TEMPO.CO, Jakarta - Menteri Perhubungan Budi Karya Sumadi kecewa kepada Badan Pengelola Transportasi Jabodetabek (BPTJ) yang tak tepat waktu menuntaskan target penertiban perusahaan oto (PO) dari Terminal Pulogadung ke Terminal Pulogebang yang lebih besar.
Sebelumnya, Budi menargetkan sekitar 120 PO yang ada di Terminal Rawamangun dan Pulogadung dapat ditertibkan dan dipindahkan. Selain itu, BPTJ juga diminta segera membubarkan terminal bayangan sehingga pengangkutan penumpang terpusat di Terminal Pulogebang.

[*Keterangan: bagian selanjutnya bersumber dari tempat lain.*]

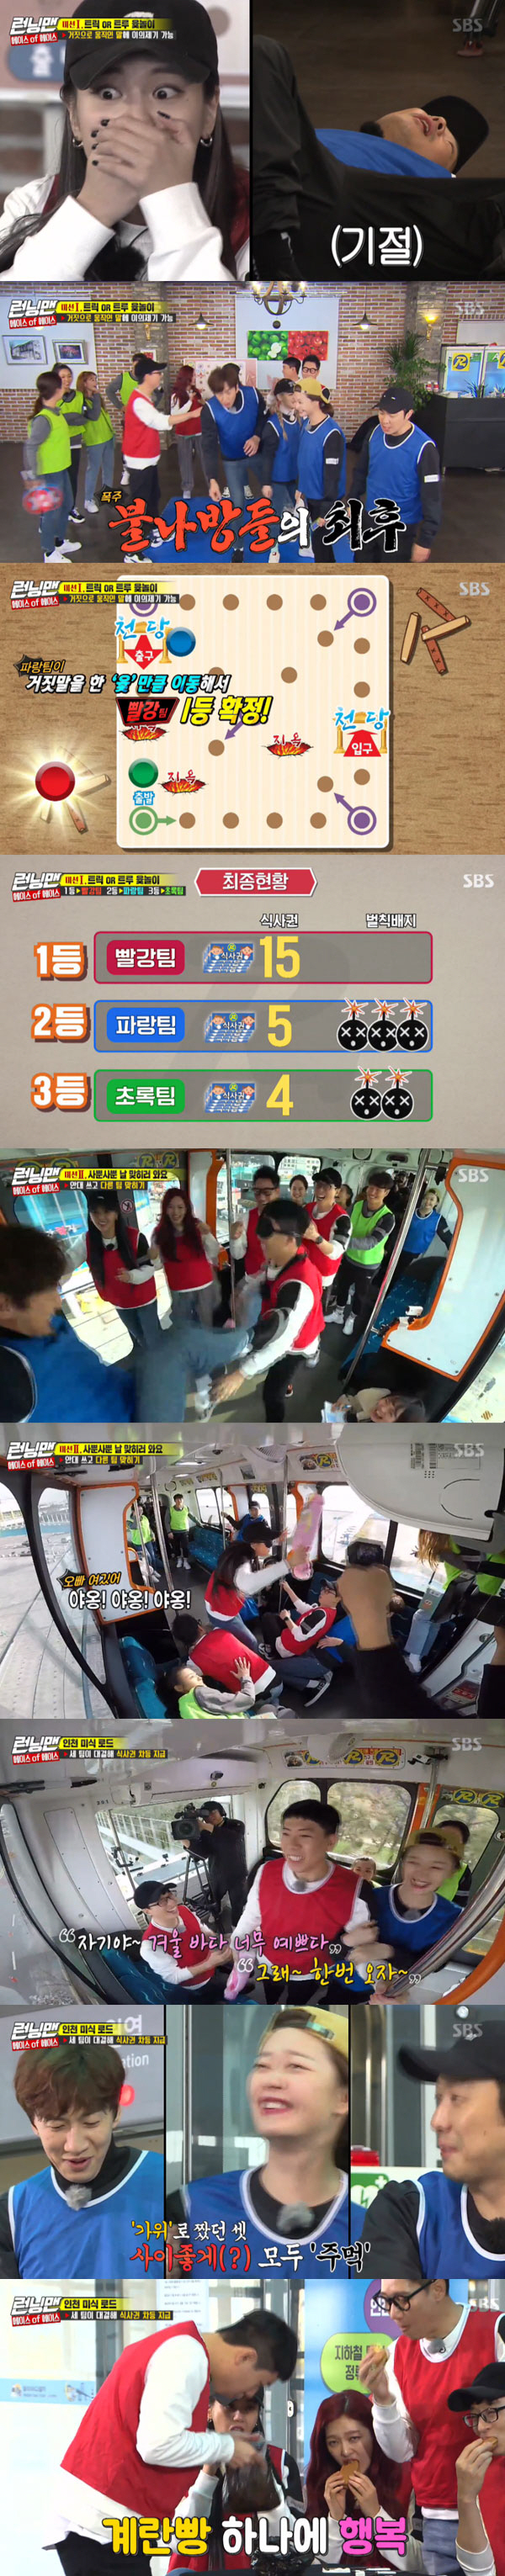 Running Man AOA Jimin carries out fresh cream penaltyOn SBS Running Man broadcasted on the 15th, AOA appeared as a guest while Incheon Gourmet Road Ace Of Ace Race was held.On this day, Ace Of Ace Race is divided into three teams and a total of three rounds are held.The menu-specific meal ticket is available after submitting a fixed meal ticket; the meal ticket available on the first mission is paid by the number of team members; however, a penalty badge is paid to members who fail to eat.The person with the most penalty badges and the one person who is identified will be punished together.Jimin, who was in first place through Game, decided on the team.As a result, Kim Jong-kook, Song Ji-hyo, Sulhyun, Yuna were one team for Konyaspor team, Lee Kwang-soo, Jeon So-min, Jimin, Haha were one team for blue team, and Yoo Jae-Suk, Ji Suk-jin, Yang Se-chan, I have a team.The first mission was to eat jjajangmyeon, chanpon, sweet and sour pork, and to get a meal ticket, trick or true yunori was conducted.The basic rule is the same as the general yut, and the team that comes in first wins the final, but if the runner team throws the yut, the other team can not see the result of the yut.The runner team moves truth or false, regardless of the result of the yut.At this time, the other two teams object if they are thought to be cheating, and if they cheat, the teams words that lie will be In-N-Out Burger and the teams words will take over the gap.Game progressed, and the blue team took the lead alone by eliminating the red teams words due to the failure of the red teams objection.However, the blue team, which has been running out since then, failed to raise objections and eventually won a penalty badge.At that time, the red team properly grasped the lies of the blue team, and the blue team moved as much as the Yut that lied, and the first place was confirmed.In addition, the blue team attempted a last-minute adventure and challenged the Konyaspor teams falsehood and got five meals in second place.The second mission is to Come to the right of me, and the attacker wears an eye patch and finds a team with a pillow and gets one point.However, if the same team is hit or the staff is hit, it will be deducted by two points; the game results show Konyaspor team ranked first, the red team ranked second, and the blue team ranked third.The last menu was also a smart survival to eat samchi grilled, kangpung crab, and bean soup.If you find a hidden weapon and touch the other person, you will proceed with the acquired weapon, and the other party will be In-N-Out Burger when you win.If you fail, you can find another weapon in 10 seconds and escape.Kim Jong-kook later acquired a wrestling weapon, touching Lee Kwang-soo; as a result of the wrestling, he was In-N-Out Burger of Lee Kwang-soo.In addition, Konyaspor team won the final victory with successive attack success, Konyaspor team was first, blue team was second, and red team was third.After the final game, Jeon So-min and Jimin were two penalty badges, and Jimin was decided to be the final penalty through OX.Jimin then chose Lee Kwang-soo, and the two were punished for fresh cream.

"Kami beri waktu satu minggu untuk PO ini. Kalau tidak, maka izinnya akan dicabut,” ujar Budi saat memberikan pengarahan kepada Kepala BPTJ di Terminal Pulogebang, Jakarta Timur, Ahad, 29 Januari 2017. “Kami bukan kejam, tapi ini sudah satu bulan.”
Soft launching penggunaan Terminal Pulogebang sudah dilakukan pada 28 Desember 2016. Terminal ini digadang-gadang menjadi terminal terbesar se-ASEAN dengan penambahan fasilitas sekelas bandara.
Sudah satu bulan ini Terminal Pulogebang beroperasi di bawah pengelolaan Pemerintah Provinsi DKI Jakarta dan diawasi Kementerian Perhubungan melalui BPTJ. Seusai soft launching, Budi menggelar rapat dengan asosiasi perusahaan bus dan berharap agar asosiasi bisa mengikuti pemerintah terkait dengan pelaksanaan pengoperasian Terminal Pulogebang.
Budi mendorong agar terminal bayangan dapat dihapus karena lokasi tersebut sangat tidak layak. Tidak hanya bagi penumpang, melainkan bagi perusahaan oto bus dan pengguna jalan yang lain karena memacetkan lalu lintas. Ia menegaskan agar tidak ada lagi bus-bus yang ada di pool dan semua bus yang masuk-keluar Jakarta harus lewat Pulogebang.
Di masa mendatang, Budi juga berpesan supaya tidak ada pungutan liar (pungli) di Pulogebang ini. Dengan beroperasinya Terminal Pulogebang, maka Terminal Pulogadung tidak lagi melayani pemberangkatan bus antarkota antarprovinsi (AKAP). "Kami buat 120 loket PO, kami sudah memberikan waktu dan toleransi, kalau ini akan kita hentikan. Kalau kita ikuti calo, ya enggak akan habis-habis,” ujarnya.